I sprinted after this man, yelling such arresting dialogue as "STOP!!" and the equally persuasive "I SAID 'STOP', SHITHEAD!!". Amazingly, he did not halt and say "terribly sorry, old chap. Let us engage in meaningful discourse pertinent to the enforcement of justice". Simply shocking.
He changed course two houses up the alley, and we were now striding across the lawn of someones pleasant one-story home. By this point, I was straining to gain on the would-be burglar, as well as trying to keep my boots on my plodding feet. After the length of one block, it was abundantly clear that I would not apprehend this individual unless he fortuitously tripped. I noted that I should acquire velcro combat boots for future use, and returned to the smashed car window party.

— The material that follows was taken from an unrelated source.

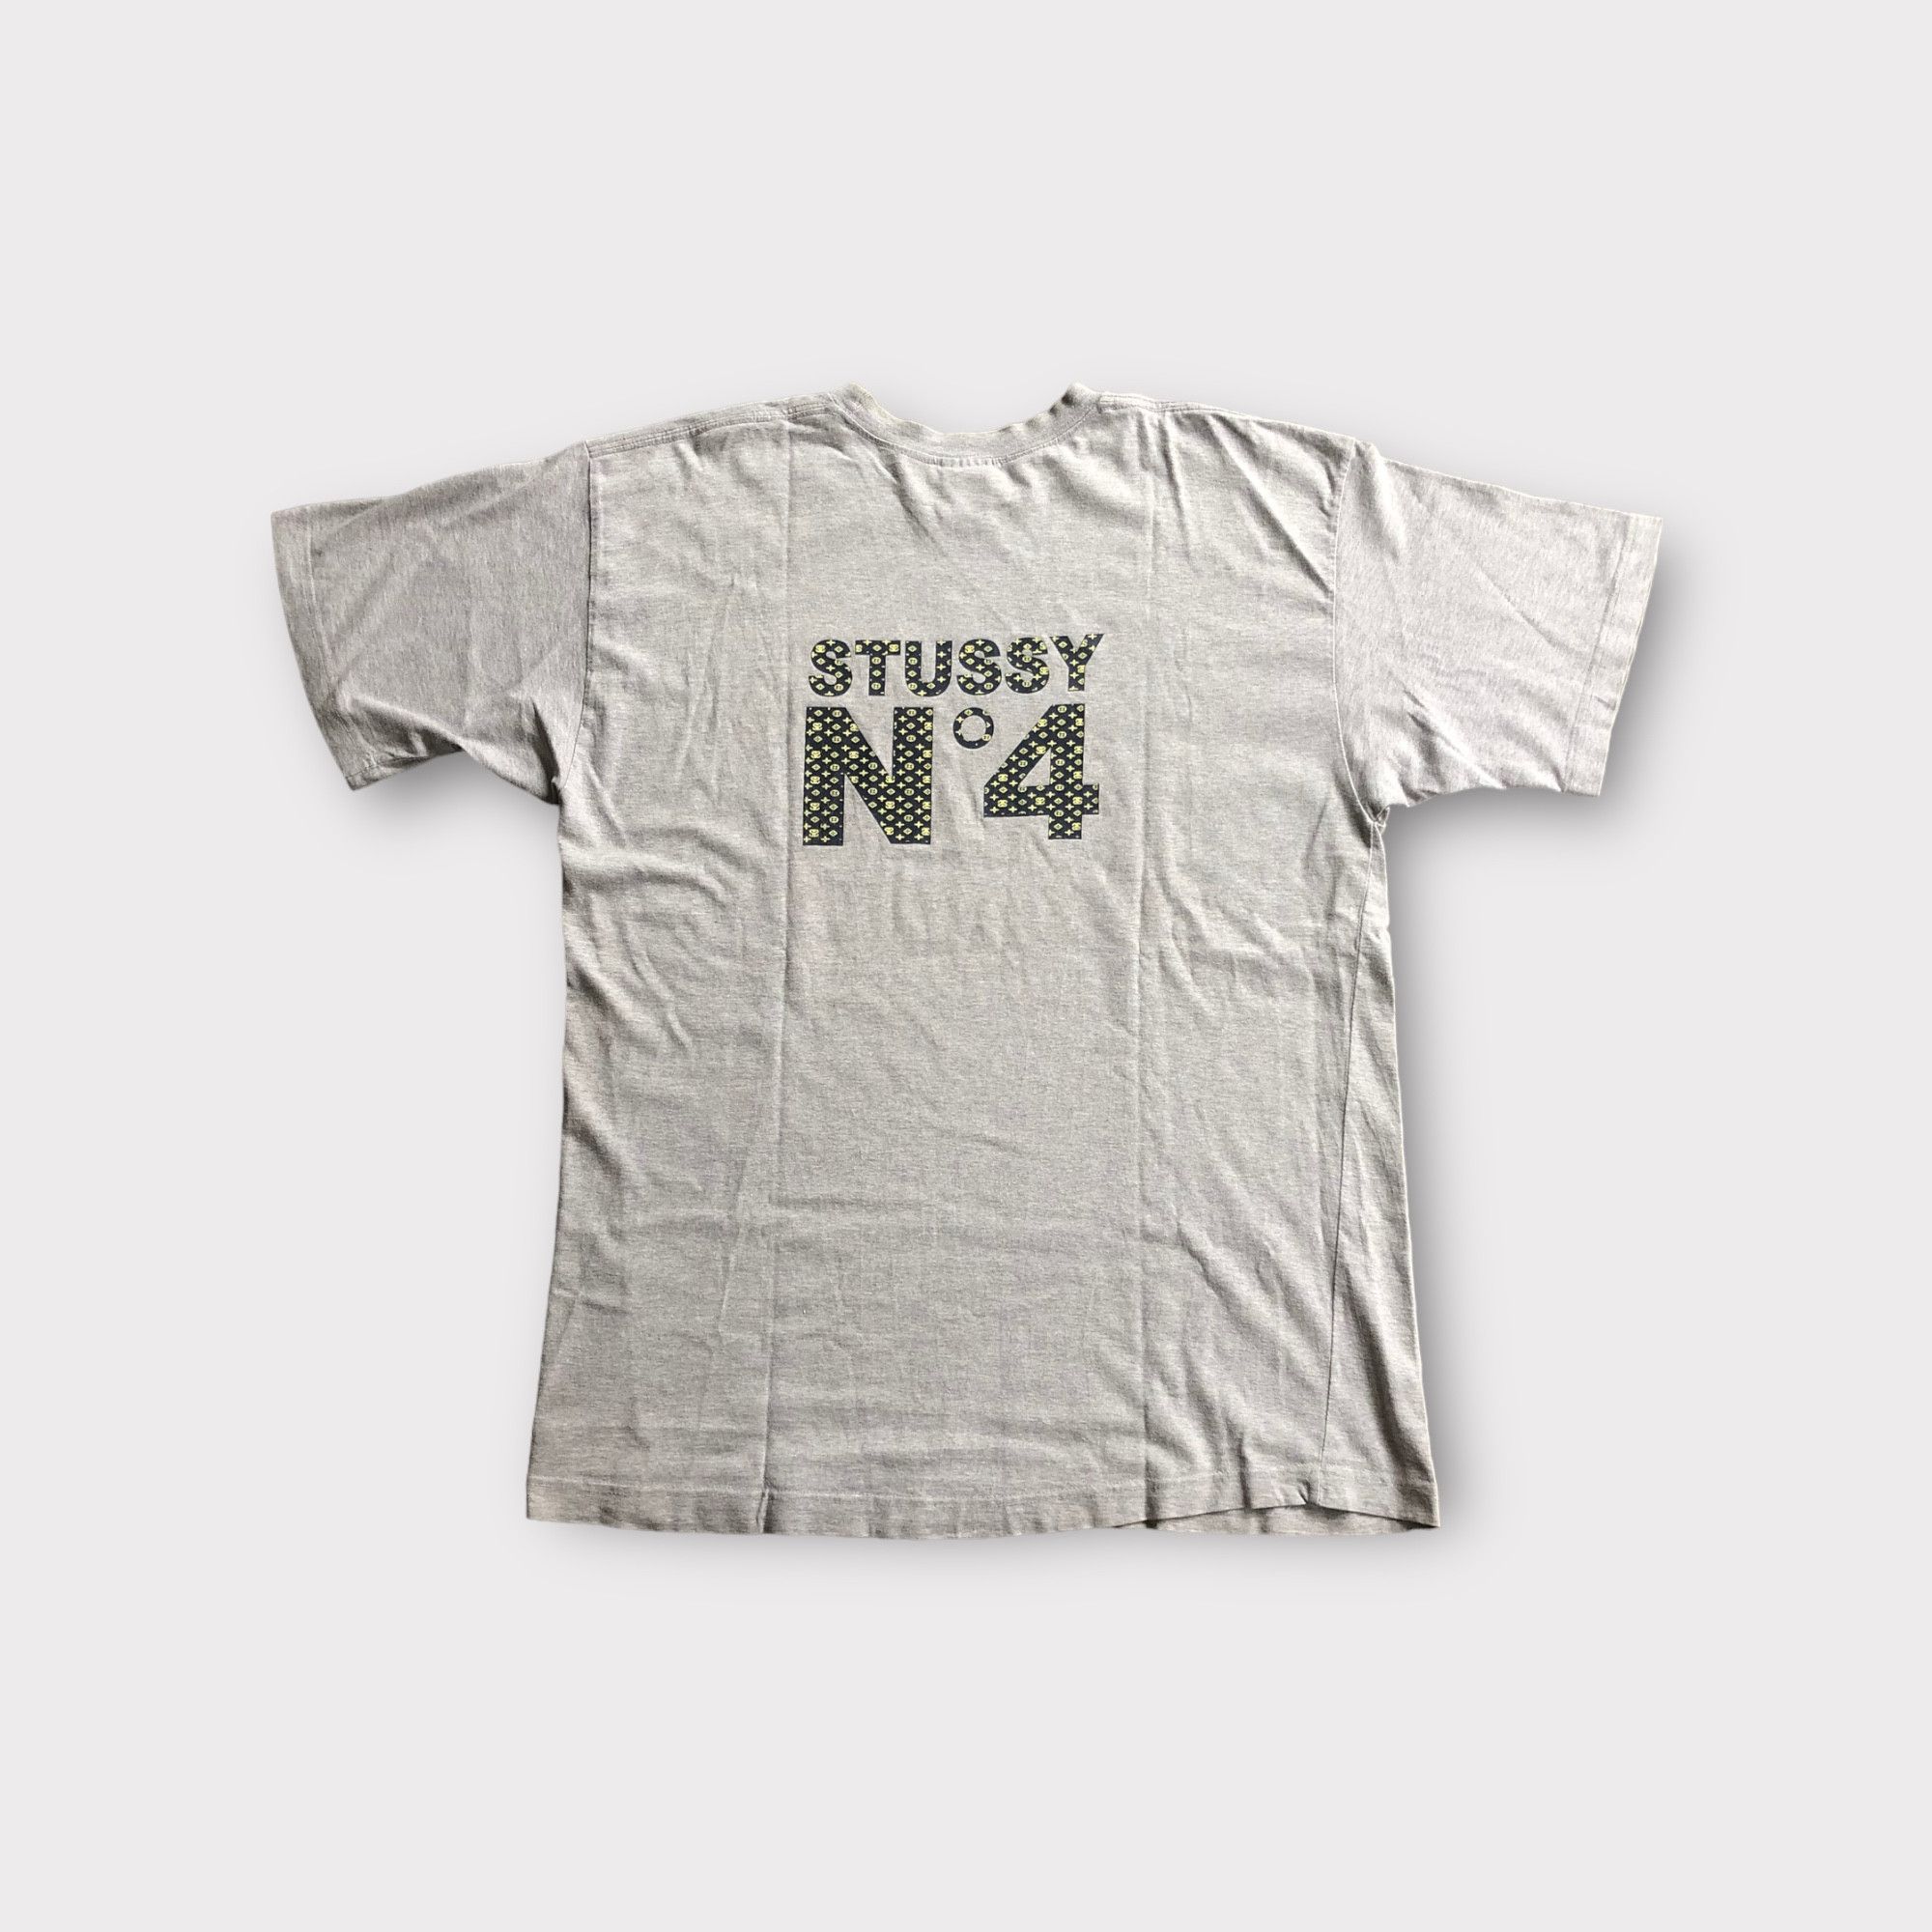 Stussy No 4 Monogram X LV 90s USA T-Shirt
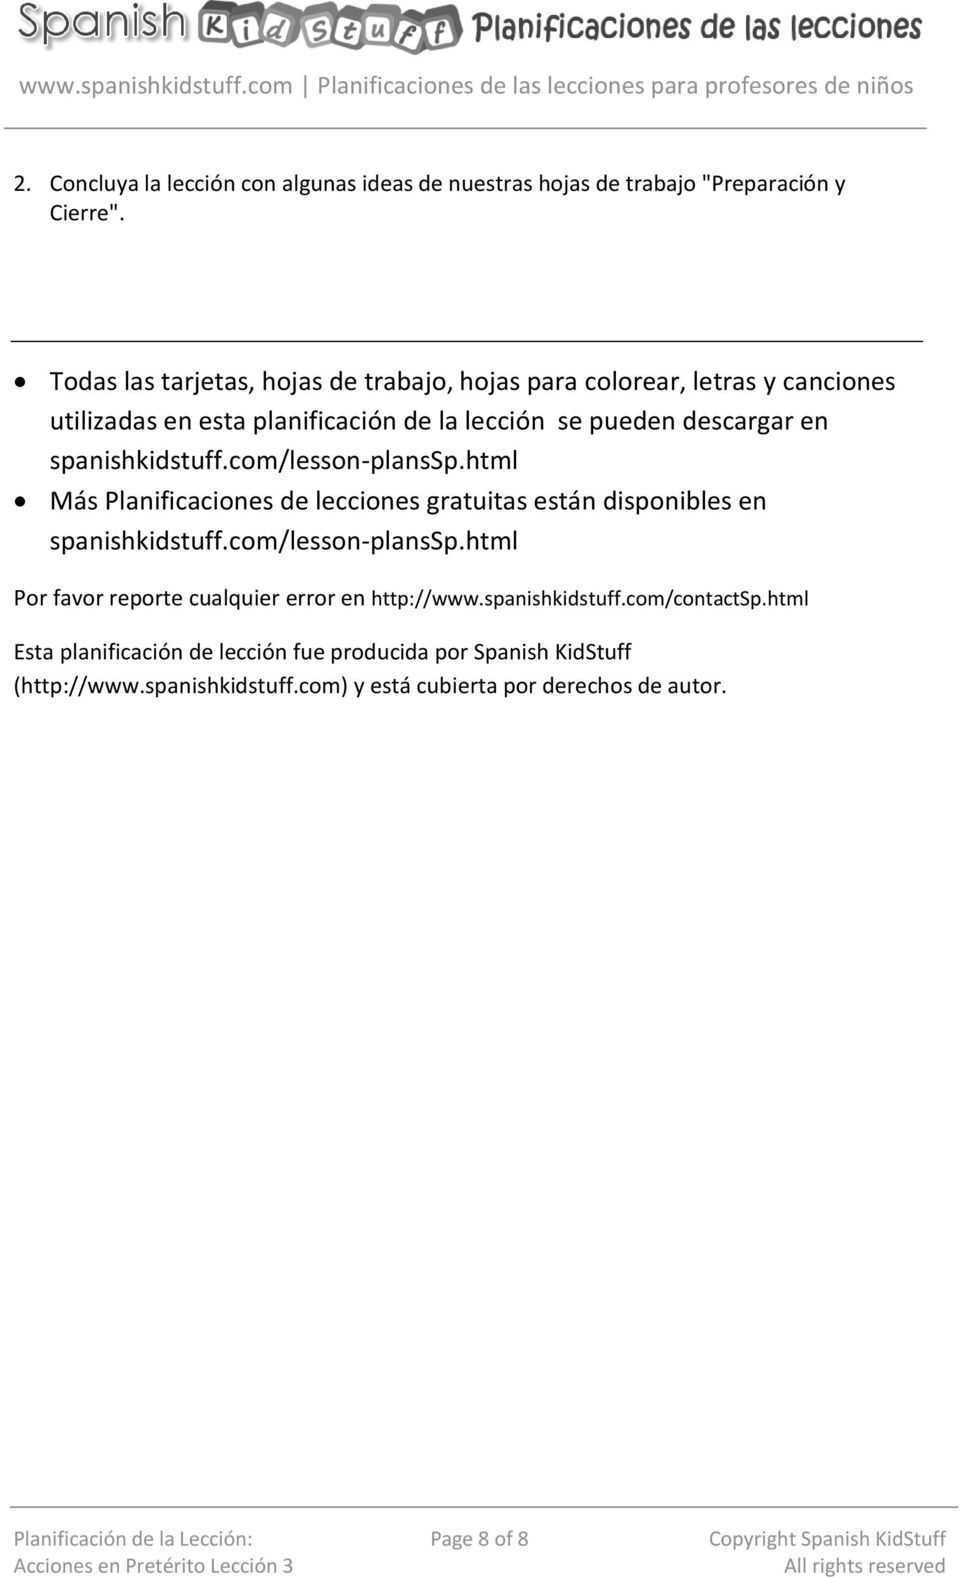 spanishkidstuff.com/lesson-planssp.html Más Planificaciones de lecciones gratuitas están disponibles en spanishkidstuff.com/lesson-planssp.html Por favor reporte cualquier error en http://www.

He vanished into the night. I returned to my building to inspect the damage. He had broken out the small wing window in the back of my elderly neighbor's car. Surprisingly, he hadn't set off the car alarm. He had better luck than I, considering how my shoveling it out of snow or moving it for said resident would led to audible complications.
What did he try taking from her? Walker wheels. A box containing 6" walker wheels. They were lying on the ground about ten feet from the car. Apparently there's a brisk black market trade of geriatric aides going on out there.
As for the truck I actually caught him breaking into... Tony apparently hadn't properly activated his car alarm. But he had been broken in to before on numerous occasions, so there was nothing of value to loot inside of his automobile either. What the perp had thrown at me was a shoebox.
To review, I tore headlong into possible danger to recover walker wheels and a box of old shoes.
Does this shit ever happen to Batman?